I'm Josh Clark, hanging on by my fingernails with me as always as Charles W. Chuck Bryant, doing much the same as we are about to start speaking on stuff you should know about. Fractals. Yea, more math theoretical, Matt even Yeah, a new branch of geometry. It's non Euclidean since you brought it up, Okay, very new. Euclidean geometry was like three B C and fractals are so there's a little bit of a gap there. There is a little bit of a gap and uh, there's a lot
of animosity among the Euclideans towards Fractillians. They need to loosen up and look at some of those far out pictures. I know, you know it's funny. Did you watch um, did you watch that one doc on? Yeah? Okay, did you see the other? The Arthur C. Clark one. It was made in like maybe eight s eighty seven and it had nothing but like um delicate sound of thunder rip off music going on the whole time. It was
really really trippy. Well, I posted a picture I don't know if you saw today on the stuff you should know all of the of the Mandel brought set. Its beautiful it is and it's very cool. And I didn't even say what it was. I just posted it, and like I'd say, about half the people were like, very cool, man, this is rad I love the Mantal brought set like fractill talk about fractals. And then the other half were like, well you guys tripping out like what you did a
grateful dead day. That's actually math, believe it or not. But it does look very it's very tied eye in nature and that's why the hippies like it. Plus also, I mean, if you've ever seen a fractal play out on a computer screen. Yeah. Um, so we are talking about fractals. I don't I don't necessarily want to give a disclaimer. Chuck and I are not theoretical mathematicians. We're not even like normal mathematicians. I balanced my checkbook my hand just to keep that little part of my brain going.
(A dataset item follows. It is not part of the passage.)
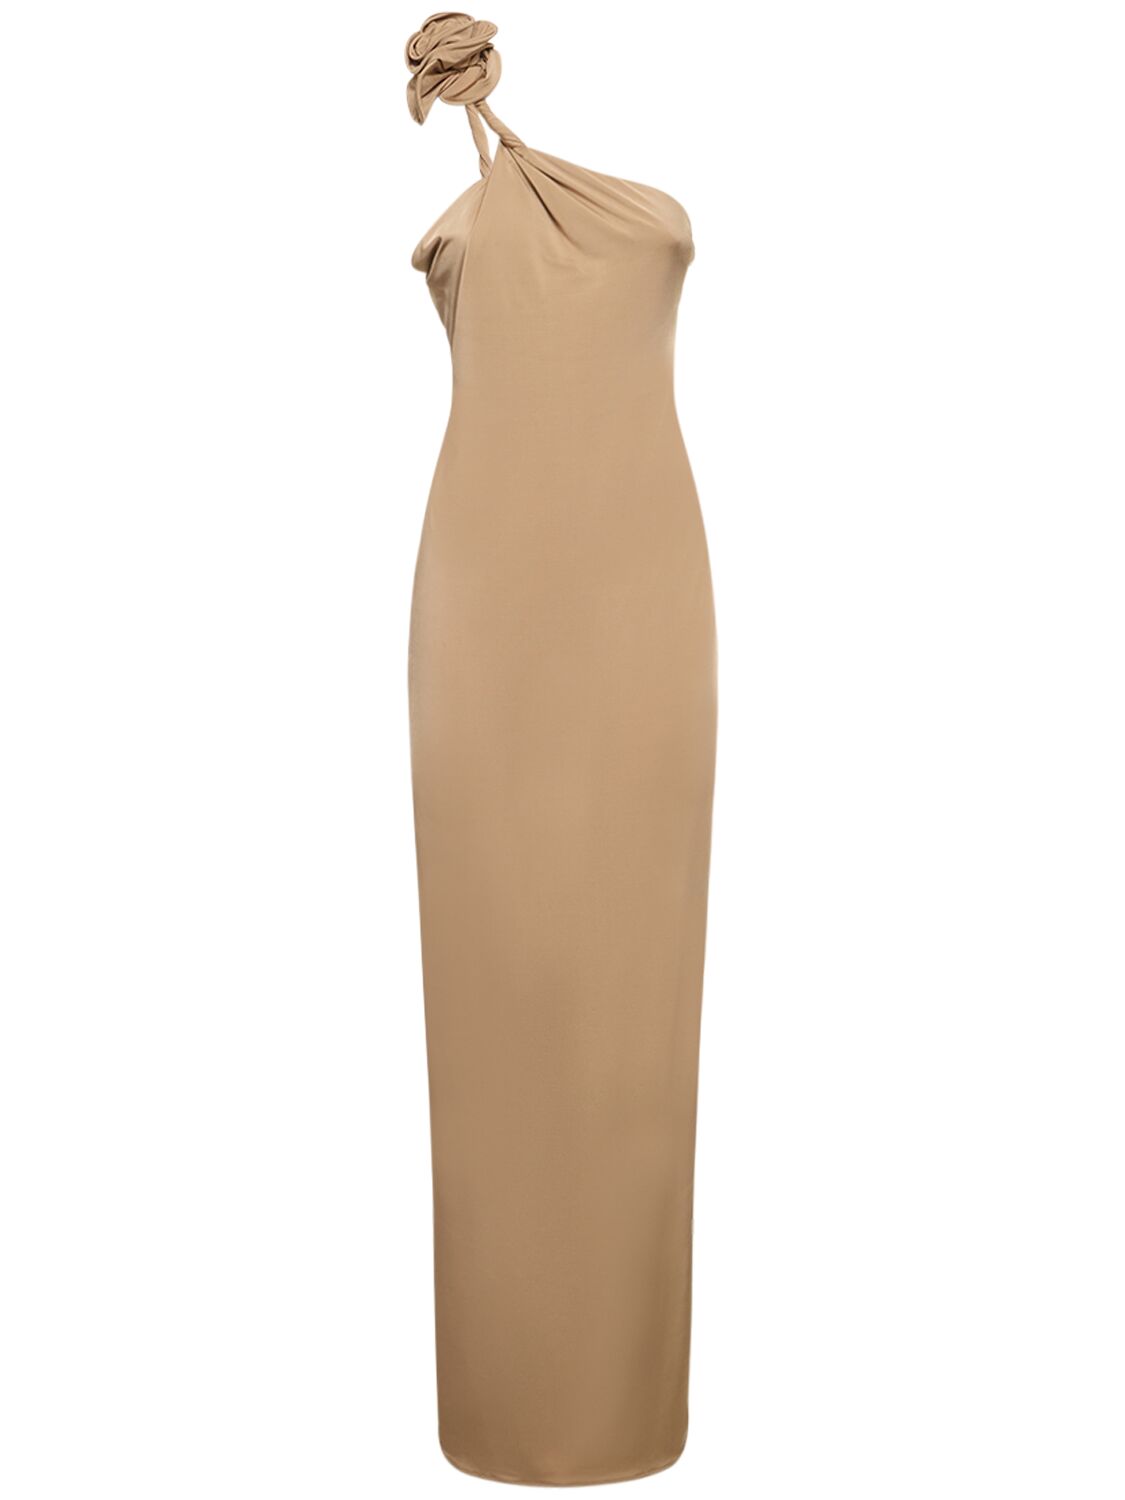 Magda Butrym Floral-detailed Dress In Tan

So I don't like forget how to add and subtract later on in life. I make myself do that, and I don't let myself jump ahead. I show my work. Yeah. Um, and that's about the extent of math in my life normally. See, I was the kid in math that when they said you're not allowed to use calculators, I would go, like, there are calculators in life, so why can't we use them. Yeah, Like they made calculators so we didn't have to do maths, right.
But at the same time, I find that shoddy because it's like, you're not you're not You're just circumventing learning something, and it's like the calculators there to support you after you know what you're doing. I disagree. Well, I think this is a pretty prime example of like going around to get to the end. So when when I was researching this, I was like, Okay, well, they don't really know what they're doing with this stuff yet, so we can just totally be like, well it's it's there, anything
you wanted to be and nothing at all. And then like I started looking a little more deeply into I'm like, oh, no, they do kind of know what they're doing. We really
don't know what we're talking about. So I feel like I have, just from researching this, a little bit, um something of a grasp of what fractals are, a little bit For those of you who who don't know what we're talking about, like, take a second to um look up just typing fractal and search images on your favorite search engine and you'll be like, oh, yes, of course it's a fractal um And that's what we're going to talk about, because fractal fractals are a new field, like
we said, in geometry, and they do have use and they have usefulness that I think people haven't even considered yet. But the the stuff that they have figured out how to use it for is pretty amazing stuff. Can I say what a fractal is at least so people know they should clear it all up? It is a geometric shape that is self similar through infinite iterations in a recursive pattern and through infinite detail exactly. So there you have it. Boom, Do we need to even continue? No?
But um, and that sounds like really that put me off, Like this article was pretty well done by a guy named Craig Haggett. I don't know who that it is, freelancer. I guess um, it's a pretty well done article. But that a sentence like that can put a person off pretty easy. And he even put it, you know, he made a joke about it, like, oh, you know that,
you get it, you know whatever. But um, when you think about it, if you take that apart, one of the hallmarks of fractal fractals, um is that they are a very complex result from a very simple system. And there's like basically three hallmarks two fractals that you just pointed out right. There is um self similarity, which is if you if you cut a chunk, like a microscopic piece of a fractal off and compare it to the whole fractal, it's going to be virtually the same. Yeah,
like or a fern. And the cool thing about fractals is is to me the coolest thing is that fractals. The point they made in the Nova documentary is that all of our math up until they discovered fractals and described practicals was based on things that we basically created and built. Like all geometry, right, Euclidean geometry, you have length, width, and height, which should view the three dimensions, right, yes, for like pyramids and buildings and combs and all those things.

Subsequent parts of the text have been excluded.